Week 2

The postage problem we did in class on Sept 19th used complete induction to prove. Here the same problem is proved by simple induction.

P(n): postage of n cents can be formed with 4- and 5-cent stamps.
Claim: \forall n \in N, n >= 12 => P(n).
Proof:
Base Case: for n = 12, 12-cent postage can be made by using three 4-cent stamps. So P(12) is true.
Induction Step: assume n \in N and n >= 12. Also assume P(n) is true, that is postage of n cents can be made by using 4- and 5-cent stamps.
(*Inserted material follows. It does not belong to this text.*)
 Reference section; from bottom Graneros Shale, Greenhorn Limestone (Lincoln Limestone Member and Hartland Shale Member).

Then either n has at least one 4-cent stamp or n doesn't have any 4-cent postage.
Case 1: n has at least one 4-cent stamp. Then for (n + 1) postage, we can exchange that 4-cent stamp to a 5-cent stamp to get one cent more postage. So P(n + 1) is true in this case.
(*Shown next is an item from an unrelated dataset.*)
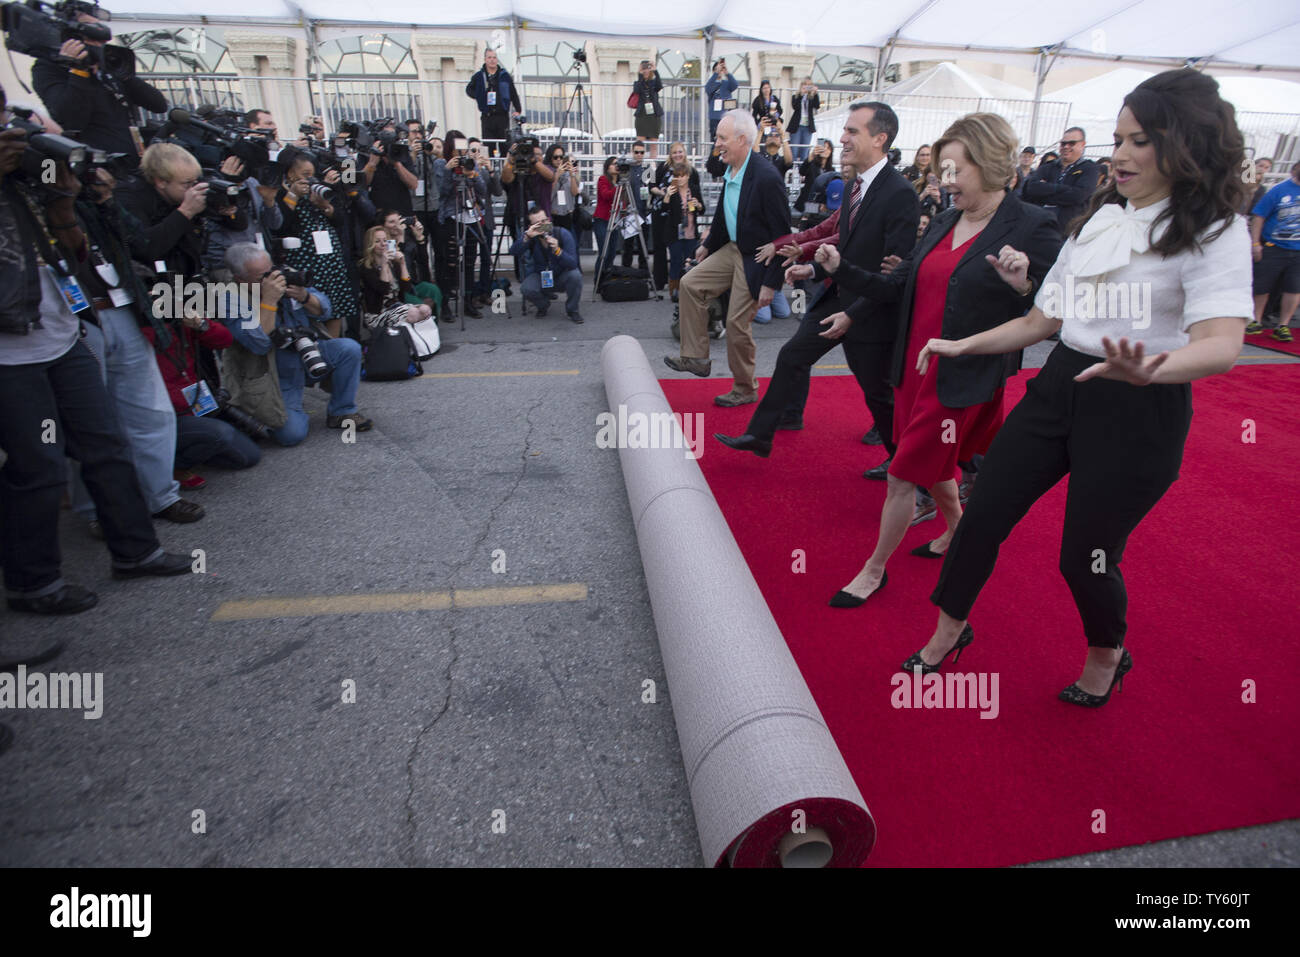 Daryl Anderson (L-R), Kathy Connell, Eric Garcetti, Lea DeLaria, JoBeth Williams and Katie Lowes participate in the red carpet rollout as preparations are underway for the 22nd Annual Screen Actors Guild Awards in Los Angeles on January 29, 2016. The awards will be presented on January 30.     Photo by Phil McCarten/UPI Stock Photo

Case 2: n has no 4-cent stamp. Then n must have at least three 5-cent stamps, since 15 is the next natural number after 12 which is a multiple of 5. To get one more postage, we can simply exchange three 5-cent stamps (15 cents) to four 4-cent stamps (16 cents). So P(n + 1) is also true in this case.
Thus, P(n + 1) is true.
So \forall n \in N, (n >= 12 and P(n) ) => P(n + 1)
Therefore, \forall n \in N, n >= 12 => P(n).